From: sandmann AT clio DOT rice DOT edu (Charles Sandmann)
Message-Id: <10207201605.AA21517@clio.rice.edu>
Subject: Re: Emacs CVS and Windows NT 4
To: djgpp-workers AT delorie DOT com
Date: Sat, 20 Jul 2002 11:05:38 -0500 (CDT)
Cc: rich AT phekda DOT freeserve DOT co DOT uk
In-Reply-To: <3D396624.53AE0ADE@phekda.freeserve.co.uk> from "Richard Dawe" at Jul 20, 2002 02:31:16 PM
X-Mailer: ELM [version 2.5 PL2]
Mime-Version: 1.0
Content-Type: text/plain; charset=us-ascii
Content-Transfer-Encoding: 7bit
Reply-To: djgpp-workers AT delorie DOT com
Errors-To: nobody AT delorie DOT com
X-Mailing-List: djgpp-workers AT delorie DOT com
X-Unsubscribes-To: listserv AT delorie DOT com
Precedence: bulk

> As I've said in another mail, it was crashing on a cli instruction in
> brk_common. 

Which was the fix which worked for me under Windows 2000 on a small
test program.  Didn't have time to test on NT4.

> I discovered that I wasn't running a "pure" copy of CVS. So I've
> reverted the changes to src/libc/crt0 and rebuilt. 

What changes were those?

> Now it looks like the crash is in crt0.S here:
> 
> 	LCALL(sbrk16_api_ofs) <--- CRASHES HERE

This is a wrapper around the DPMI resize call.  Crashing here usually
means a hardware interrupt happened while the memory was being moved;
but you need to be careful since you can't step into this call.  You
shouldn't ever get a hardware interrupt since we disabled them, but
this call doesn't work on NT4 or Win2K (seems OK on XP).  At least
on Win2K adding the CLI as mentioned above fixed it (not running
under a debugger).  This usually makes the entire NTVDM go away.
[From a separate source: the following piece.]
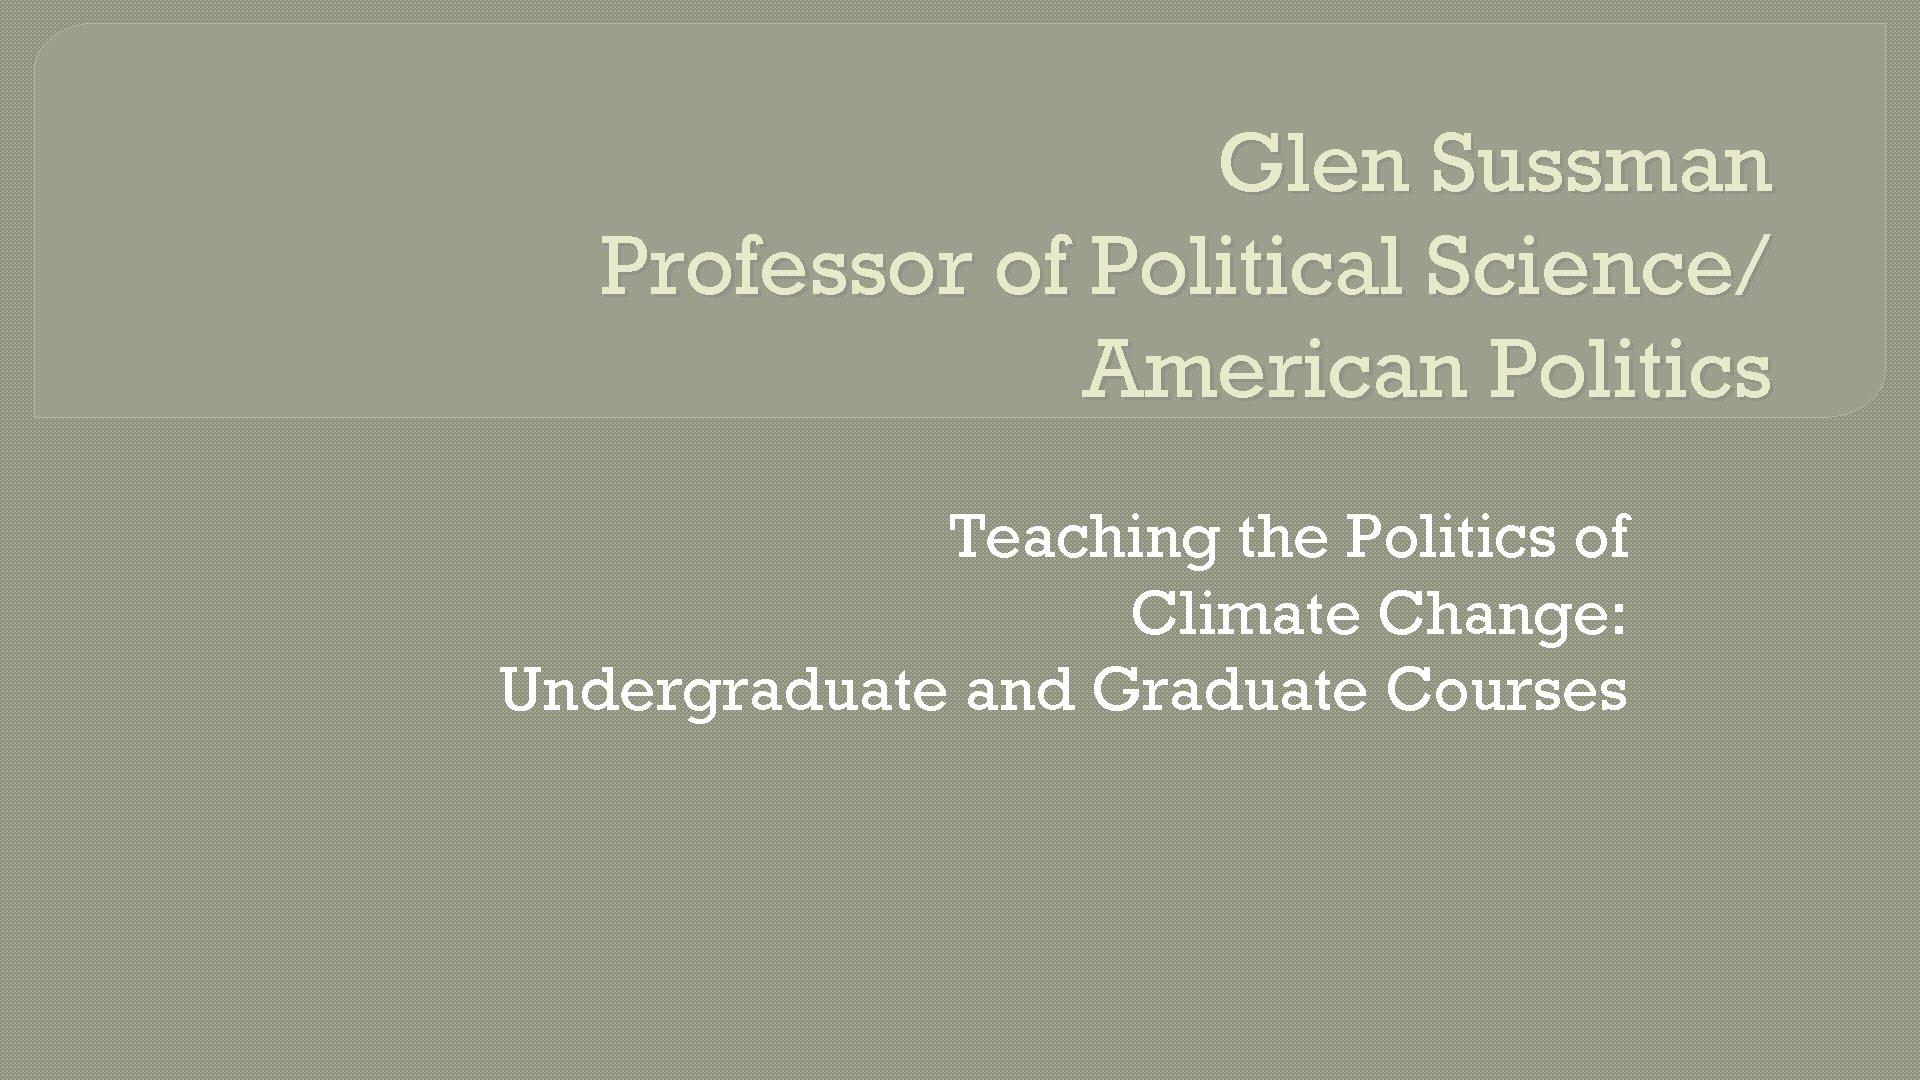 Glen Sussman Professor of Political Science/ American Politics Teaching the Politics of Climate Change:

> This is with the same patten of calls to __default_morecore. I get backtraces
> like this, when I hit the crash in brk_common under gdb:
> 
> "Exiting due to signal SIGTRAP
> Debug at eip=00000012
> eax=005e0901 ebx=0000005e ecx=005e0000 edx=005b8000 esi=00590176 edi=01761da0
> ebp=0056ad28 esp=0056acf0 program=C:\DEVELOP\EMACS\BIN\EMACS.EXE
> cs: sel=02cf  base=000221c0  limit=0000026f

CS:EIP is based in DOS memory with a selector of limit of 623 bytes.  This
looks like the sbrk16 helper to me.  EIP=12 is the first exectuable
instruction (if I count right) - which should never fail.  This looks
like a debugger caused crash (inability to handle multi-selector code
debugging?)

> It seems to be sensitive to how much keyboard activity there is. I haven't
> worked out the relation between keypresses and crashes yet.

Right - it needs to be a hardware interrupt, and happen between the time
we resize/move the memory area and the selector is updated with the new
memory base.

Try the program I provided in email dated 19 May 2002 15:36 - small and
easy to debug.  The upstroke keyboard interrupt is very easy to cause an
interrupt in the sbrk and cause a crash.

> Has anyone got any ideas what's going on? Is there any more information I can
> provide?

See if you can make the simple test program crash under NT 4 with and without
the CLI change in crt0.